Nigéria realiza eleição em meio a ataques e atrasos

Nigeriana passa por fila em zona eleitoral em Lagos (Reuters) Direito de imagem BBC World Service
Image caption Nigeriana passa por fila em zona eleitoral em Lagos (Reuters)

A eleição parlamentar teve início neste sábado na Nigéria em uma votação marcada por ataques violentos, atrasos e desorganização.

A votação teve que ser cancelada na semana passada, pois o material eleitoral não chegou a muitas regiões do país.

Neste sábado a operação de segurança é severa depois de episódios esporádicos de violência durante a campanha eleitoral. No entanto, várias pessoas ficaram feridas em uma explosão em uma zona eleitoral no nordeste da Nigéria.

Cerca de 73,5 milhões de nigerianos podem votar e o partido do presidente Goodluck Jones, o Partido Democrático Popular (PDP), tenta manter a maioria do Parlamento do país.

De acordo com a correspondente da BBC na cidade de Lagos Caroline Duffield, os postos de checagem de segurança estão espalhados em todo o país, com muitas cidades desertas, fronteiras fechadas e voos cancelados.

A votação começou por volta das 8h da manhã (horário local), com o registro dos eleitores para evitar irregularidades. Tudo indica que, apesar de alguns atrasos de funcionários da comissão eleitoral, a votação parece mais organizada do que na semana passada.

Cadeiras

Os eleitores nigerianos votam para preencher 360 cadeiras na Câmara Baixa do Parlamento e outras 109 no Senado.

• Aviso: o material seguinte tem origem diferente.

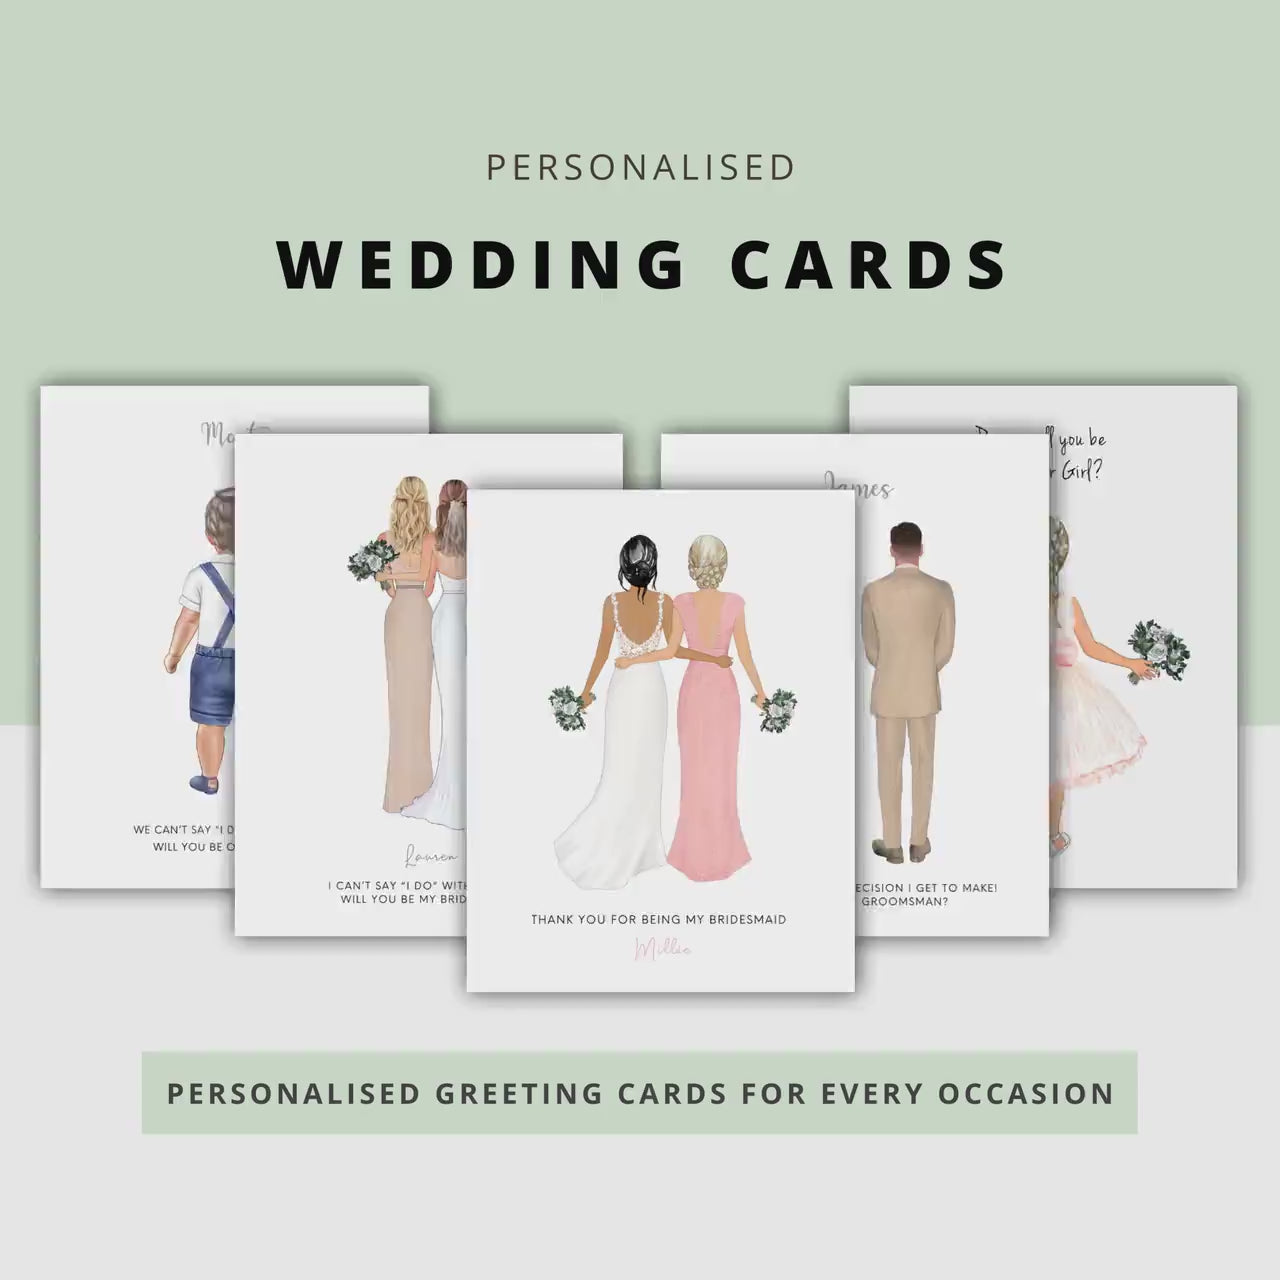 Personalised Will You Be My Bridesman Card, Personalized Proposal, Bridesman Proposal, Will You Be My Bridesman Card, Bridesman Proposal

A votação começou no sábado passado e milhões estavam nas filas das zonas eleitorais quando foi descoberto que as cédulas estavam em falta em algumas partes do país, levando a atrasos devido à dificuldade para conseguir mais cédulas.

Foram feitos três anúncios de adiamentos e as eleições presidenciais foram adiadas para o dia 16 de abril e a votação para governadores estaduais, 26 de abril.

Mas, apesar dos atrasos, a correspondente da BBC afirma muitos na Nigéria enxergam as eleições como uma chance para o país deixar para trás os tempos conturbados de fraude eleitoral e violência que marcaram as votações anteriores desde o fim do regime militar em 1999.